Physical and Interdisciplinary Regional Ocean Dynamics and Modeling Systems
Our research includes: quantifying of ocean features and dynamics, multi-scale numerical modeling, and uncertainty quantification and assimilation schemes. Recent results include high-order hybrid Finite-Element schemes for physical-biological dynamics at shelfbreaks (bottom left), rigorous nonlinear and non-Gaussian data assimilation using our GMM-DO filter (bottom right) and exact path planning for swarms of underwater vehicles using level-set equations (top right).
Integrated Ocean Dynamics and Acoustics (IODA)
The goal is multi-resolution data-assimilative modeling to study truly multiscale coastal ocean dynamics and their acoustic effects, with an emphasis on resolving internal tides and long nonlinear internal waves and their interactions with the real ocean, including: All coastline, shelf, shelfbreak and deep ocean features; high-resolution steep bathymetry; and, atmospheric fluxes as external forcing; and, Stochastic parameterizations of sub-grid scales (nonlinear internal waves and other effects) for 4D hydrostatics models, and new non-hydrostatic HDG scheme in idealized conditions.
Causes and Effects of Shelf-edge Internal Tide Variability
Internal tide generation and propagation near continental slopes are being studied using a four-dimensional numerical simulation and diagnosis approach.

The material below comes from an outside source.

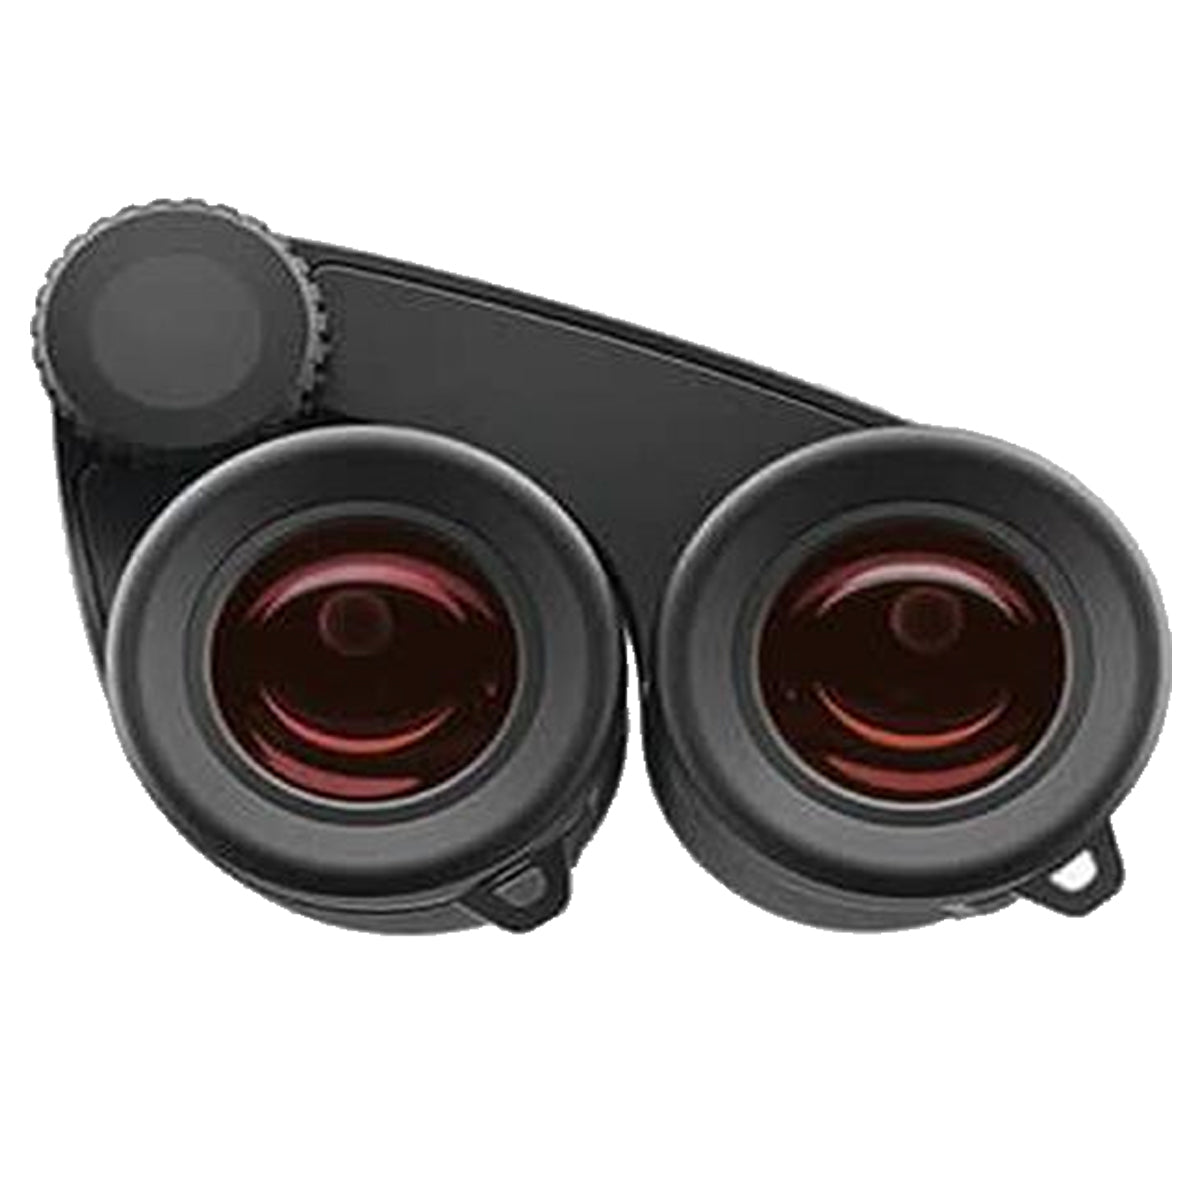 Zeiss Victory Pocket 8x25 Binoculars

The purpose is to explain observed variability in internal tides and the nonlinear waves they spawn. The study is concentrating on long wavelength linear internal waves (internal tides) generated from subcritical tidal flow (current speed less than wave speed), ubiquitous around the world. Three internal tide effects are being examined: variable generation, heterogeneous propagation (i.e. focusing), and conversion to nonlinear waveform.
Active Transfer Learning for Ocean Modeling (ATL)
The overall objective of this program is to conduct basic research that will help enable robust autonomy and automation in dynamic, unconstrained environments and contexts. The two science problems of interest are how a learning machine may leverage all relevant prior knowledge and how it may leverage occasional in situ availability of a subject matter expert (SME). This leads naturally to the existing research of Transfer Learning and Active Learning. The intent of the ATL program is to improve upon these two existing areas of research and combine them to produce a novel, powerful learning capability.
Autonomous Marine Intelligent Swarming Systems for Interdisciplinary Observing Networks (A-MISSION)
We research autonomous sensing swarms and formations that exploit the multi-scale, multivariate, four-dimensional environmental-acoustic dynamics and predictabilities. We develop new global swarm patterns and high-level optimization schemes based on control theory and dynamical system theory (e.g. artificial potential functions, nonlinear contraction analysis), artificial intelligence (e.g. hybrid evolutionary optimization, particle swarm optimization and reinforcement learning) and bio-inspired behaviors (e.g. distributed flocking/swarming, ant algorithms).
Quantifying, Predicting and Exploiting Environmental and Acoustic Fields and Uncertainties
The goal is to research prediction and data assimilation (DA) systems to study, understand, forecast and exploit environmental and acoustic fields and uncertainties. Objectives: (i) improve understanding of dynamics, predictabilities and uncertainties in the Taiwan-Kuroshio region; (ii) model and quantify interactions of Kuroshio meanders, mesoscale features and internal tides; (iii) advance coupled ocean and acoustic modeling and DA; and (iv) develop adaptive sampling for reduction of uncertainty and best exploitation of the environment.
Ocean Observatories Initiative (OOI)
OOI CyberInfrastructure (CI) conducted an Observing System Simulation Experiment (OSSE) to test the capabilities of the OOI CI to support field efforts in a distributed ocean observatory in the Mid-Atlantic Bight. The goal was to provide a real oceanographic test bed in which the CI supported field operations of ships and mobile platforms, aggregate data from fixed platforms, shore-based radars, and satellites and offered these data streams to data assimilative forecast models. The MAB region was selected because of the existing communities and the presence of NOAA, ONR coordinated by Oscar Schofield in the context of the MARCOOS effort.